Notably, the simultaneous reconciliation of both HESS J1731-347 and PSR J1231-1431 (in Case I) measurements would be rather difficult assuming a purely hadronic EOS. In particular, the hadronic model should be rather soft, at low densities, to support the low radius associated with HESS J1731-347 in the sub-solar mass region, and then it should rapidly stiffen to achieve the higher radius of PSR J1231-1431 at slightly larger masses. Interestingly, the low-density domain of the nuclear EOS can be effectively constrained through parity-violating electron scattering experiments, which aim to measure the neutron skin thickness of different nuclei. In particular, the PREX-II collaboration provided a measurement for the neutron skin thickness of lead, which pointed to stiff EOS behavior at low densities (Adhikari et al., 2021; Reed et al., 2021). Then, the subsequent CREX experiment extracted a puzzling value for the neutron skin thickness of calcium (Adhikari et al., 2022), supporting softer models. More precisely, the simultaneous explanation of both CREX and PREX-II was not possible with the use of traditional energy density functionals (Reinhard et al., 2023; Tagami et al., 2022; Miyatsu et al., 2023; Kumar et al., 2023; Burgio et al., 2024). However, recent attempts have proposed sophisticated modifications to the Lagrangians which are used to describe nuclear matter, and they achieved an explanation of both experimental values (Reed et al., 2024; Kumar et al., 2024). Nonetheless, the predicted EOSs are characterized as extremely stiff. Notably, the latter issue was at some extent resolved in Salinas and Piekarewicz (2024).

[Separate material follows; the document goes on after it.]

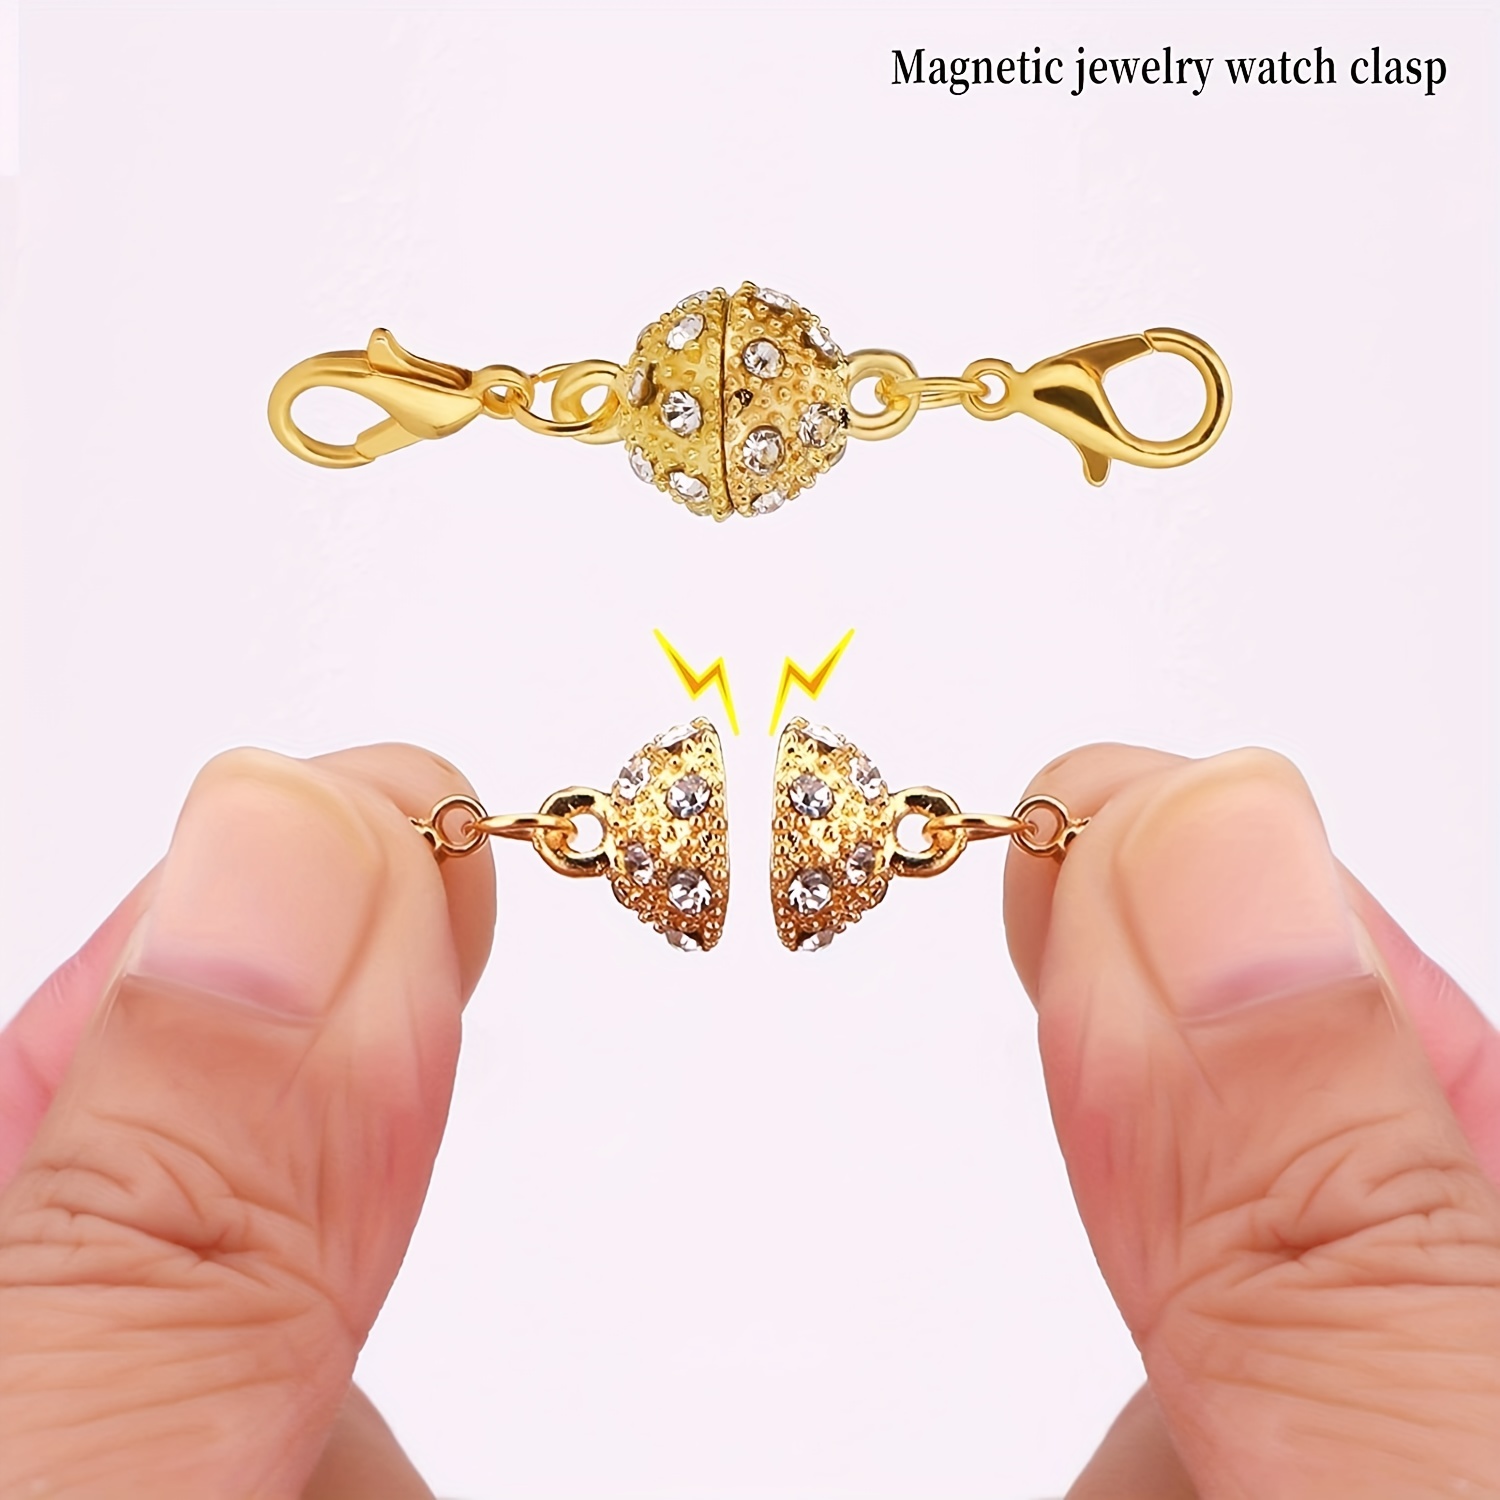 12 Pcs Necklace Clasp Magnetic Jewelry Locking Clasps And Closures Bracelet  Extender For Jewelry Making

Considering that current experimental constraints might point to stiff behavior for the hadronic EOS at low density, in the present study, we are going to employ a nuclear model which is sufficiently stiff, so that it crosses the PSR J1231-1411 contour (Case I), and, therefore, potentially incompatible to the HESS J1731-347 constraints. In particular, we are going to use a widely employed Skyrme model, namely Ska (Köhler, 1976; Typel et al., 2022; Gulminelli and Raduta, 2015; Danielewicz and Lee, 2009; Baym et al., 1971). Thus, in our attempt for explaining all current astronomical measurements, by considering a first-order phase transition to CFL quark matter, we will rely on the hybrid branch to account for the existence of the central compact object in the HESS J1731-347 remnant. It is important to comment that, the employed nuclear model is of nucleonic composition. In principle, as density increases, hyperonic degrees of freedom may appear, altering the properties of the EOS. Given the uncertainties related to hyperon-hyperon and hyperon-nucleon interactions, in the present study we work under a simplified framework that neglects their existence.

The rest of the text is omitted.